# Laptop cooling mod help



## McSquid (Mar 9, 2009)

Got a question.

I have a Gateway MX6448 that overheats all the time. its caused by the fact that the computer is programed (somewhere unconfigurable) to only turn the cooling fan on when temps reach very high values (70-80c) and then turn off after only ~30 seconds of cooling. My aim is to hack the fan so that it is on all the time. I don't care about noise.

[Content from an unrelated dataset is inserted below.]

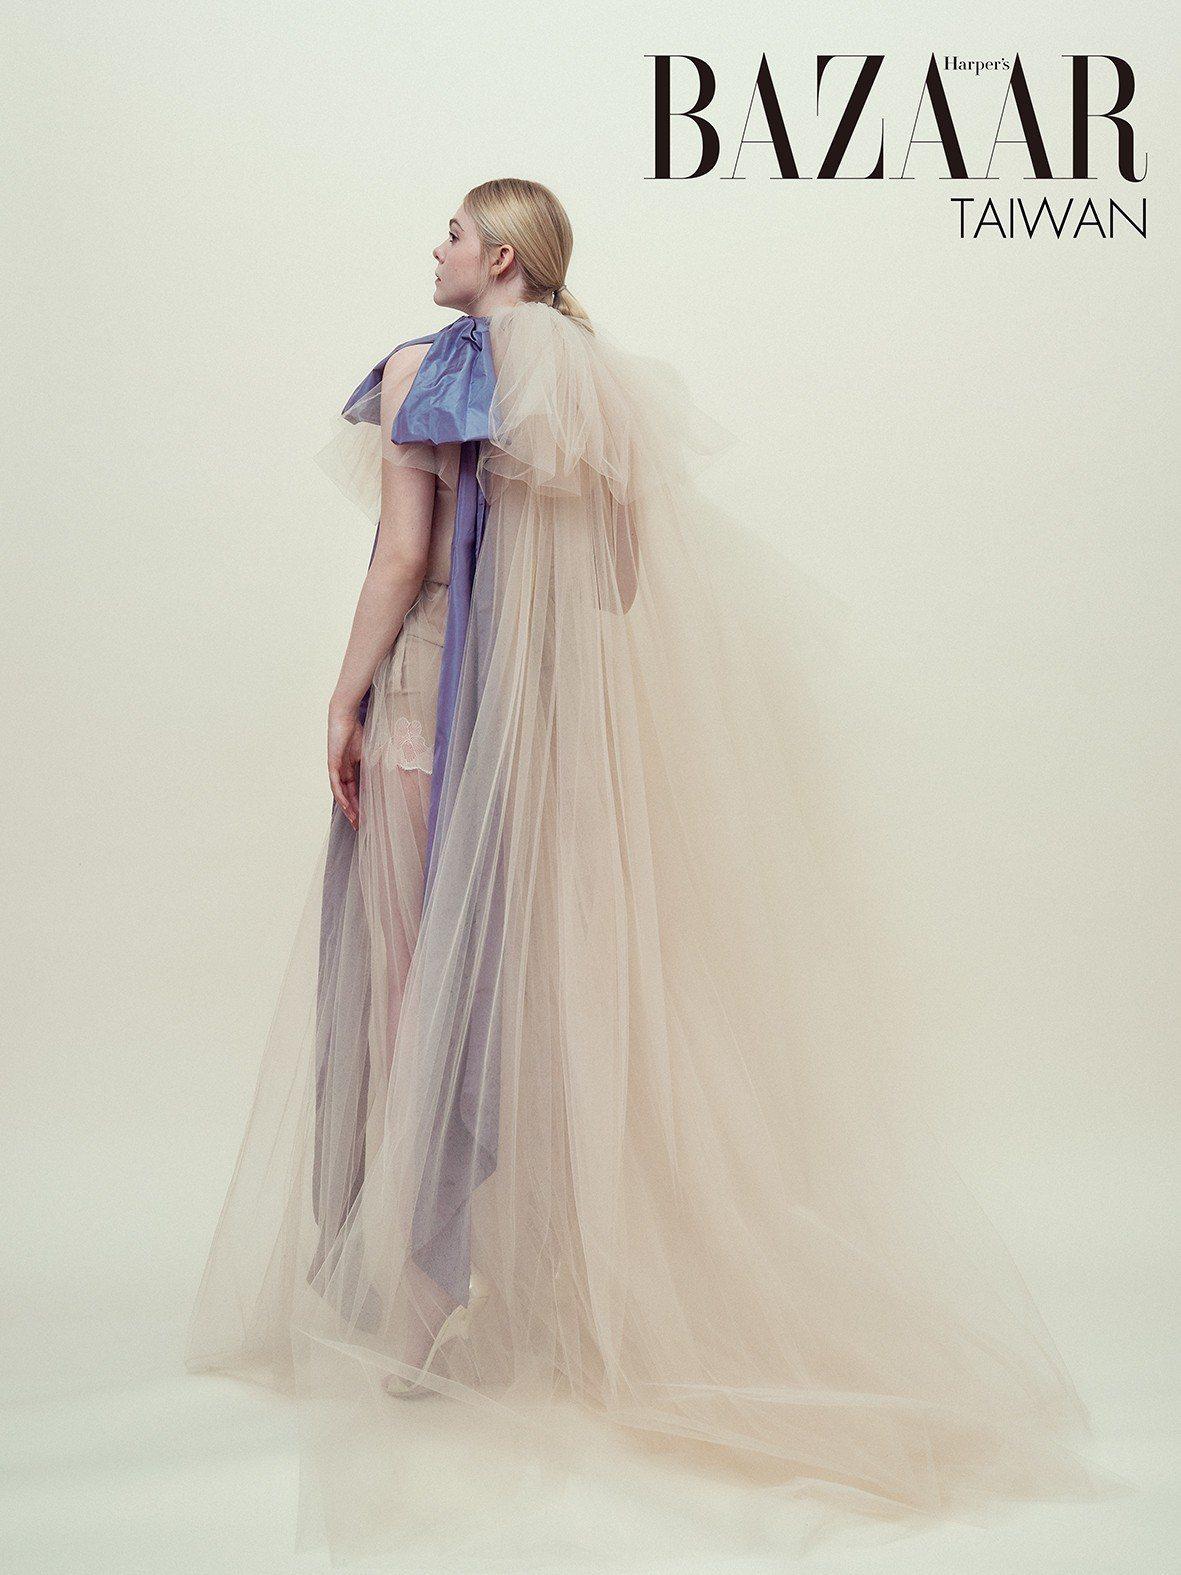 多層次虹彩雪紡長裙,Alexander McQueen

So im left with this:

http://www.owcrparts.com/catalog/images/Gateway MX6447 MX6448MX6453 MX6454 Heatsink 3HMA3TATA24.jpg

It has 4 wires that plug into the motherboard. red, black, white, and yellow.
In theory if I simply snip the white and yellow wires would the fan run at 100%? I figure the computer may freak out when it doesn't detect a fan RPM but right now i just wanna get this thing working. I am comfortable soldering to alternate motherboard pins if thats what it comes to. But the simplicity of just cutting the control wires appeals to me.


----------



## JimE (Apr 16, 2009)

I seriously doubt it is programmed to function that way. Most likely, the control circuitry or the fan itself is faulty.


----------



## McSquid (Mar 9, 2009)

Ok so i discovered that if i short pins 3 and 4 the fan spins at 100%. playing around with resistors to see if i can achieve ~80% Will post if i get any results. hopefully the laptop wont mind this mod.


----------



## McSquid (Mar 9, 2009)

Resistors had no effect. So I shorted the two pins with a glob of solder and closed her up. Fan is running at 100% and the laptop is cool. Its not very loud either. The laptop doesn't seem to notice anything is different. (no fan RPM messages or anything) I guess I win =D

For anyone else who finds this thread: Short pins 3/4 on the motherboard where your fan plugs in (the red and white wires on the fan connector plug into these) to make your fan spin at 100% all the time. No more overheating!


----------